At the most, viewing it in the most favorable light, this was a mere lending of the truck by nonaction on the part of the master to the two employees in order that they might accomplish purposes of their own, not incident, pertinent, or subordinate to their employment. So far as the record discloses, it was no part of, or incident to, their employment.
In A.L.I., "Agency," Comment "D," sec. 229, p. 512, we find this statement: "Going to and from work. If the master supplies a servant with a vehicle in order that the servant may go to or from work, it is important to ascertain whether the vehicle is supplied primarily for the purpose of assisting the master's work, or for the purpose of assisting the employee to perform what is essentially his own job of getting to or from work. The mere fact that the employer supplies a vehicle does not establish that those who avail themselves of it are within the scope of employment while upon it, especially if the use is merely casual. On the other hand, the fact that the master contracts to supply a vehicle, or that the supplying of a means of access to the work is one of the inducements to the employment indicates that the operation of the vehicle is part of the master's work. If employees are required to use a particular vehicle, and particularly if they are paid while in it, it would ordinarily be found that the driver of the vehicle is acting as the employer's servant." On page 513, we find this apt illustration: "P. employs A., who lives two miles from P.'s office. As A. has difficulty in getting to the office on time, he persuaded P. to allow him to use an old car belonging to P. In driving to the office in this car, A. is not in the scope of employment." Also to the same effect are Berry on Automobiles (6 Ed.), sec. 1475, p. 1139, and Blashfield's Cyclopedia of Automobile Law, vol. 2, p. 1414, and 42 C.J., sec. 868, p. 1108.

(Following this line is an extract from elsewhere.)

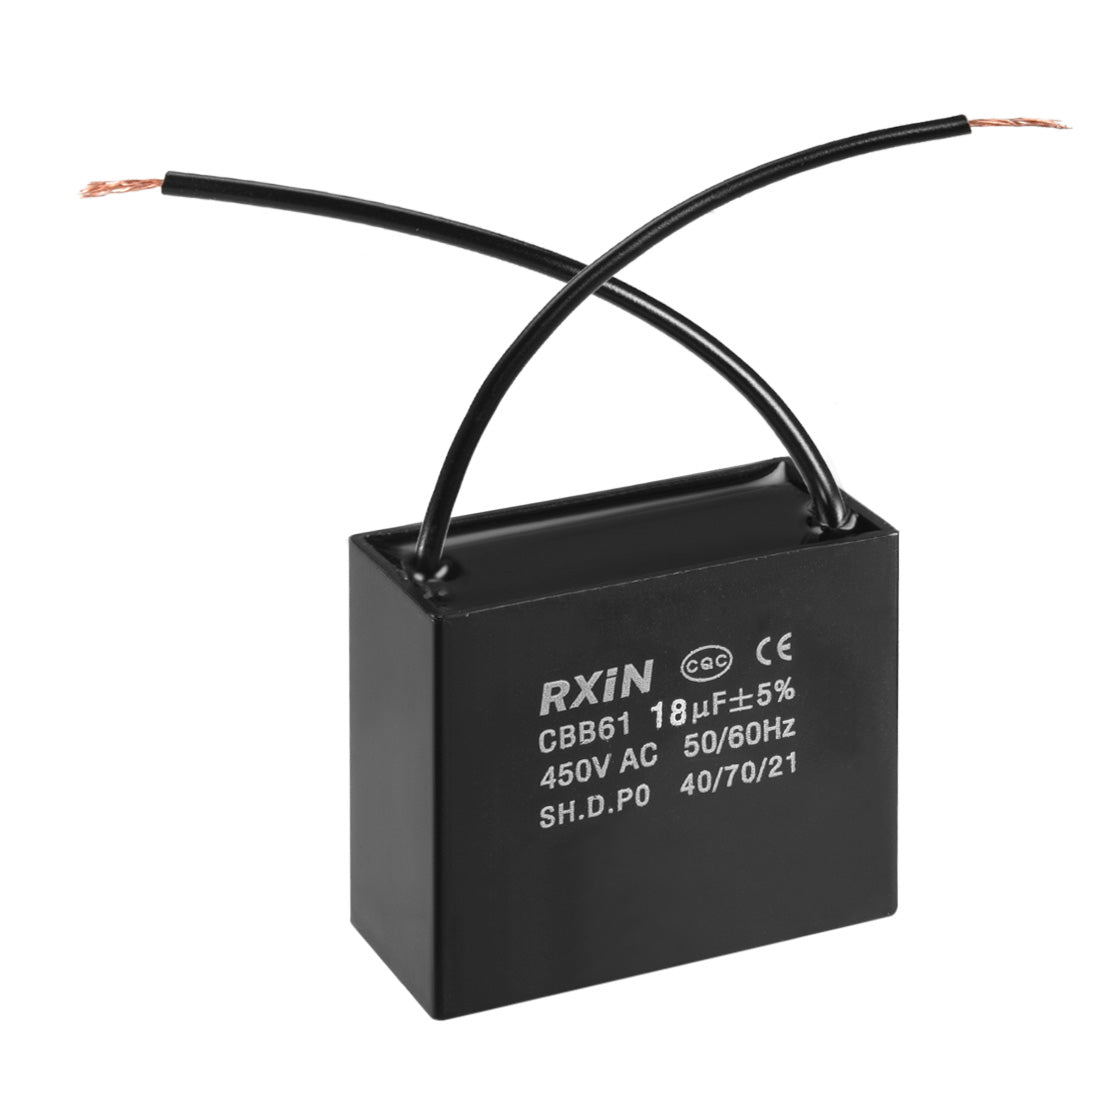 uxcell Uxcell CBB61 Run Capacitor 450V AC 18uF 2 Cable Metallized Polypropylene Film Capacitors for Ceiling Fan

In the case at bar, the servant did not, in any manner, join the master's business, and we have reached the conclusion that the jury could not so infer from the facts of the case. The mere lending of one's automobile to another does not create liability of the owner to any one injured by the negligent driving thereof. Sharples v. Watson, 157 Miss. 236, 127 So. 779. Of course, this rule is subject to the modification that if the lender knowingly puts his automobile into the hands of an incompetent driver, he may or may not be liable, according to the circumstances.

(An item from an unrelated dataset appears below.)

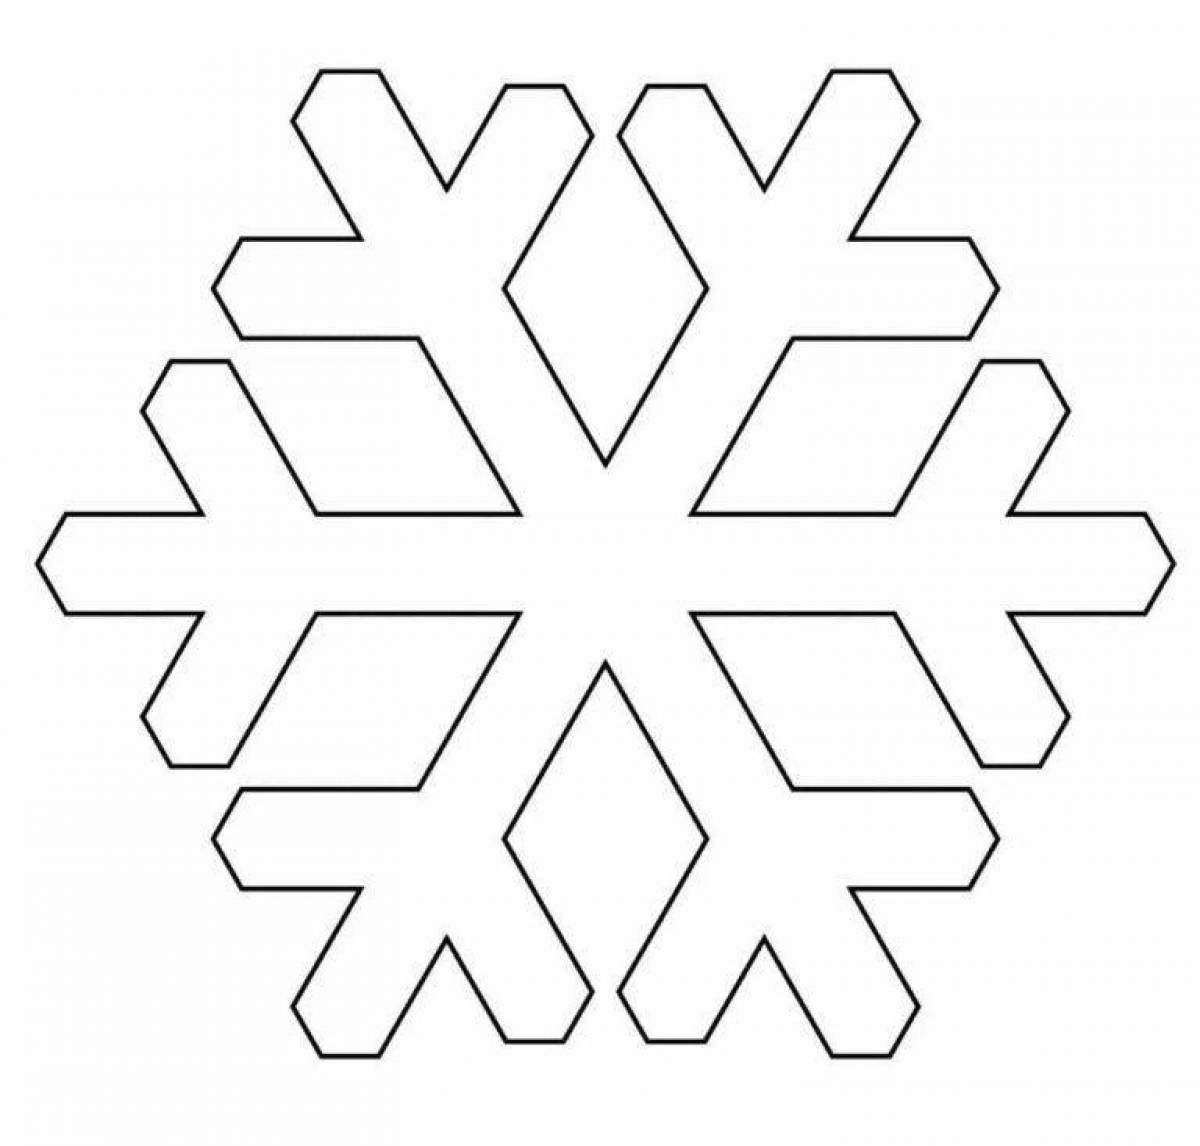 Magic snowflake coloring page for kids

We are, therefore, of the opinion that the case of Southern Bell Tel. Co. v. Quick, 167 Miss. 438, 149 So. 107, cannot be invoked to apply to the facts of the case at bar. In that case, Stewart, the employee, was engaged in the master's business and was using his automobile in the furtherance thereof. He had orders to go to lunch and to return to the office, and he used the automobile to go to his lunch. His speedy return and the fact that the automobile had never been brought back to the place of storage by the servant rendered the use thereof, at the moment of the injury, in furtherance of the master's business; and the deviation or detour by the servant, in the use of the automobile, under the circumstances, rendered its use by Stewart, at the time of the injury, a question for the jury as to whether or not Stewart was still engaged in his master's business.
We are of the opinion that the court below correctly apprehended and applied the facts in this case to established principles of law, and correctly excluded the evidence and granted the peremptory instruction requested.
The suggestion of error will be sustained and the cause affirmed.